Maguire toured Sri Lanka in 1983 without playing a Test although he played some one day games.

===Tests===
Maguire made his Test debut against Pakistan in December 1983, replacing an injured Rodney Hogg.

He was picked in the squad to tour the West Indies in 1984 and played in the last two tests.

He also went on the one day tour to India in 1984.

===South African tours and Australian ban===
Maguire was unable to break into the Test side over the 1984–85 summer. He was close to being selected in the squad to tour England in 1985. When Terry Alderman and Rod McCurdy revealed they had signed to play in South Africa over the 1985–86 and 86-87 summers, they were replaced by Carl Rackemann and Maguire. However it was then revealed they had both signed as well and were unable to tour, being finally replaced by Jeff Thomson and Dave Gilbert.

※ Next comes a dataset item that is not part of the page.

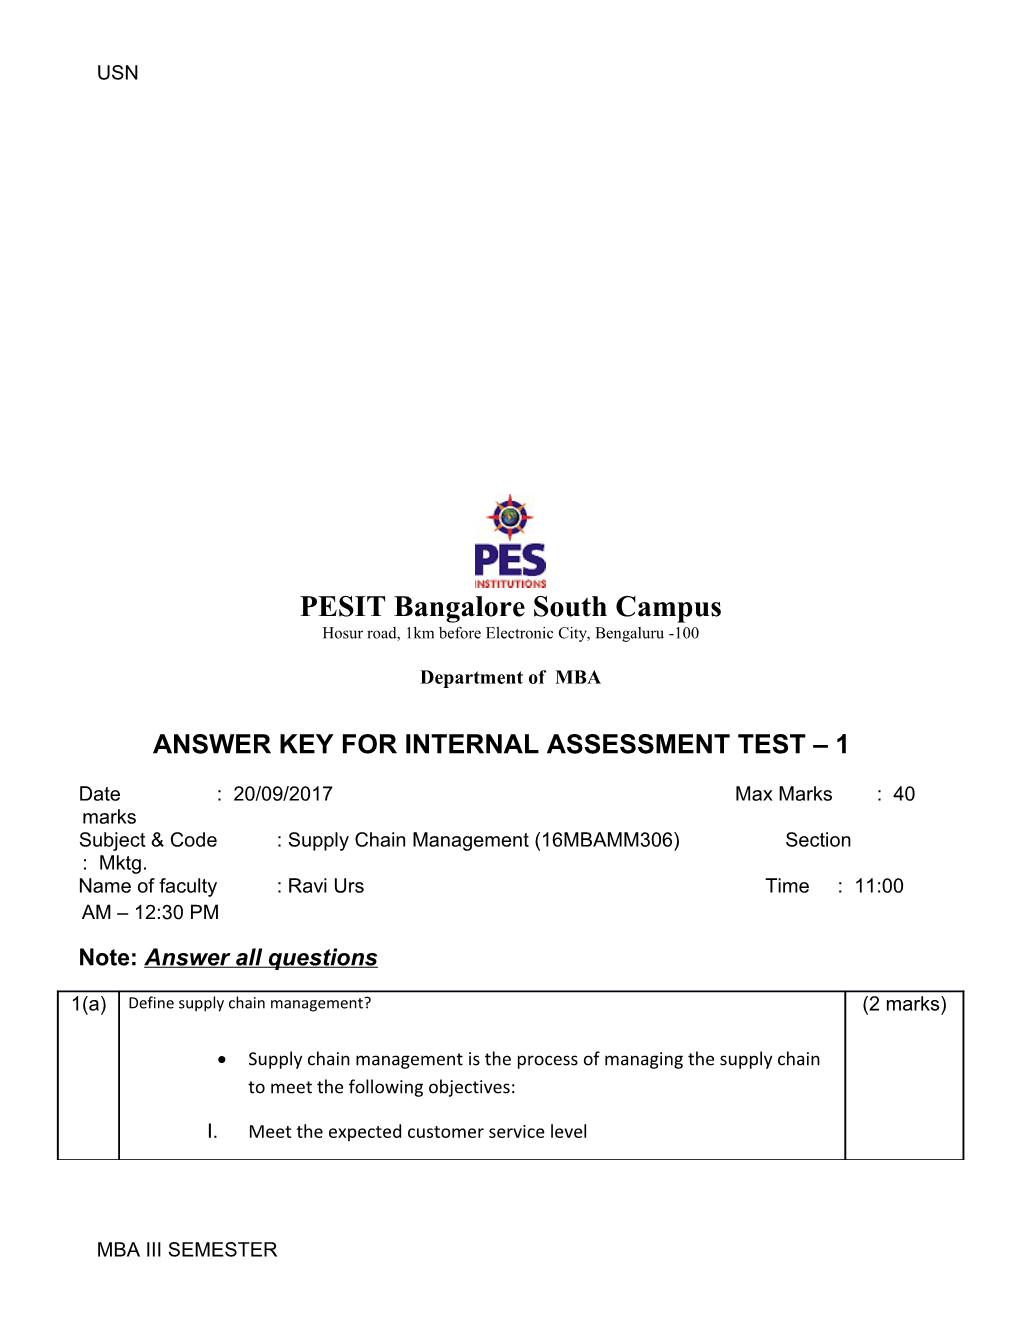 Answer Key for Internal Assessment Test 1

Like the other rebel tourists, Maguire was banned from first class cricket in Australia for two years and from representative cricket for three years. He played in South Africa during that time.

===Later career===
Towards the end of his career he played two seasons in South Africa for Eastern Province and one for English county side Leicestershire, winning South African Cricketer of the Year in 1990.

His return to South Africa meant he was banned for an additional ten years, but this was lifted when South Africa was re-admitted to world cricket.